Les participants et les participantes observent que l’on peut aussi s’« engager » pour une association ou pour un collectif, en devenant bénévole, délégué de parents d’élèves, représentant d’une association de locataires… On n’est alors pas forcément sur un registre de revendication, mais on est quand même engagé. 

L’INDIVIDU ET LE COLLECTIF 

Enfin, tout un pan des engagements, que l’on définirait comme plus « individuels », est évoqué lors des rencontres organisées dans les 19 centres sociaux participant à la démarche « Paroles d’habitant·es de quartiers populaires ». 

À Allonnes, c’est même la première réponse qui sort. Peu de temps avant la rencontre dans le centre social, une maladie a touché une figure du quartier, habituellement toujours présente dans ce type de réunions. 

Alors, quand on leur demande « Qu’est-ce que vous, vous avez fait, à un moment donné, en termes d’engagement », ses amies parlent de leur soutien : « Pour son cancer, on a été très proches de Rosa », « Oui, on a été beaucoup, très proches d’elle, on l’a vue tous les jours, on lui donnait de nos nouvelles et on se donnait des nouvelles les unes, les autres ». 

À Avon, une habitante, bénévole du centre social, résume cette myriade d’engagements possibles : « Que tu sois parent d’élève, que tu t’engages pour animer des jeux à l’école, dans ton bénévolat, dans telle ou telle activité, tout ça, c’est déjà s’engager ! ».

 L’animatrice du centre social de la Maison Bleue, à Paris, résume cette idée des engagements multiples : « Certains engagements peuvent paraître anodins, mais c’est déjà une première façon de mettre la main à la pâte ». 

Pour beaucoup, la personne « engagée » est une figure, le plus souvent publique, dévouée à la cause et tournée vers l’intérêt général : une personne qui préside une association, une amicale de locataires ou un collectif sur le quartier… 

Comme l’explique cette même animatrice, « les gens ne voient pas nécessairement la solidarité quotidienne comme une forme d’engagement en soi ». Un certain nombre de personnes présentes lors des rencontres se mobilisent plus discrètement, à leur échelle. Elles donnent de leur temps pour leurs voisines et leurs voisins et plus généralement pour leur quartier. 

REPENSER L’ENGAGEMENT 

Ces types d’engagement amènent les organisations qui les accompagnent à évoluer, à sortir de l’idée de « parcours d’engagement » à long terme, qui irait de l’activité à l’engagement bénévole, puis de l’engagement bénévole à la prise de responsabilité dans un collectif. Les engagements sont fluctuants et solidement ancrés dans les parcours de vie individuels. 

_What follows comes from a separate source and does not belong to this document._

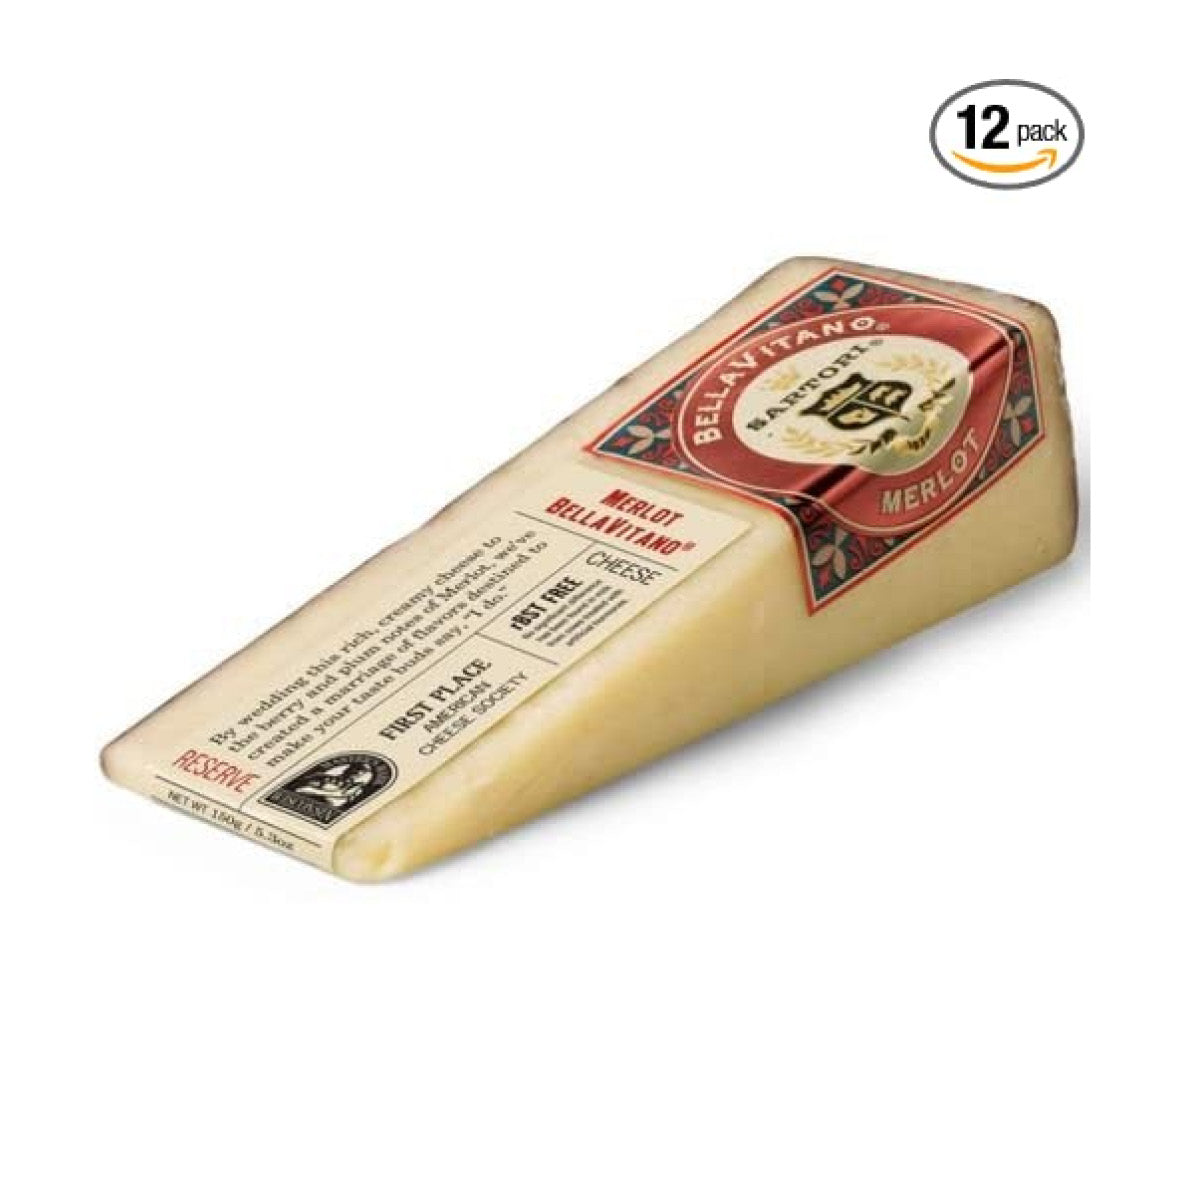 Bellavitano Merlot Cheese Wedge, 150g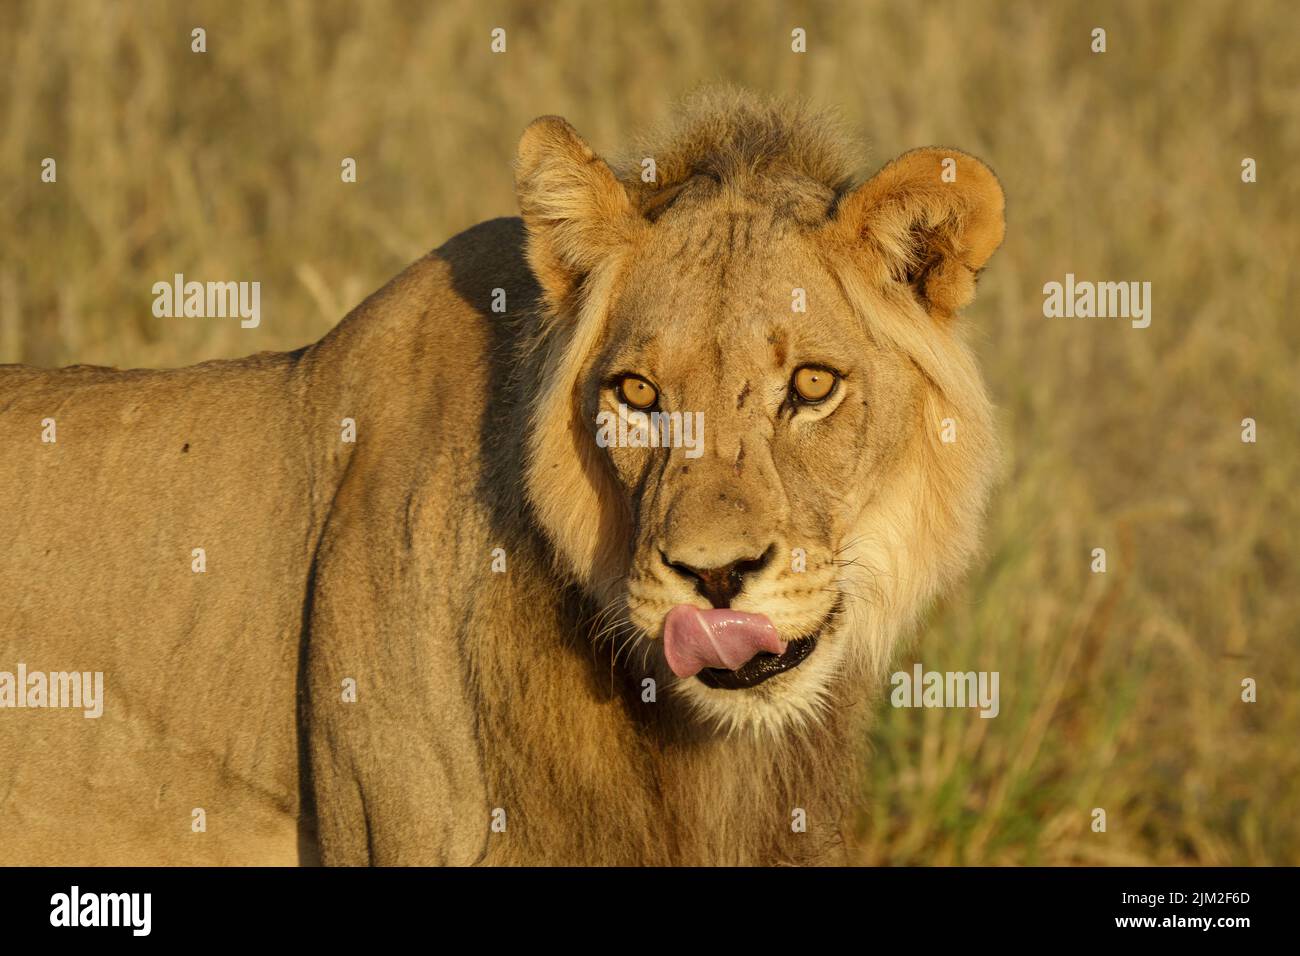 Black-maned Kalahari lion (Panthera leo) portrait. Kgalagadi Transfrontier Park, Kalahari, South Africa Stock Photo

Prendre conscience de ces manières de se mobiliser nous amène à casser nos manières de penser l’engagement et la démocratie. La « convivialité » ne s’oppose pas nécessairement à la « lutte », la quête de spontanéité ne veut pas dire qu’il n’y a pas d’organisation. 

Enfin, vouloir agir ici et maintenant ne signifie pas que l’on ne dispose pas d’une visée de transformation plus profonde. Les habitants et habitantes ne veulent plus seulement « rêver » des lendemains meilleurs, mais trouver des solutions ensemble.

  • 1Jacques Ion, S’engager dans une société d’individus, Armand Colin, 2012.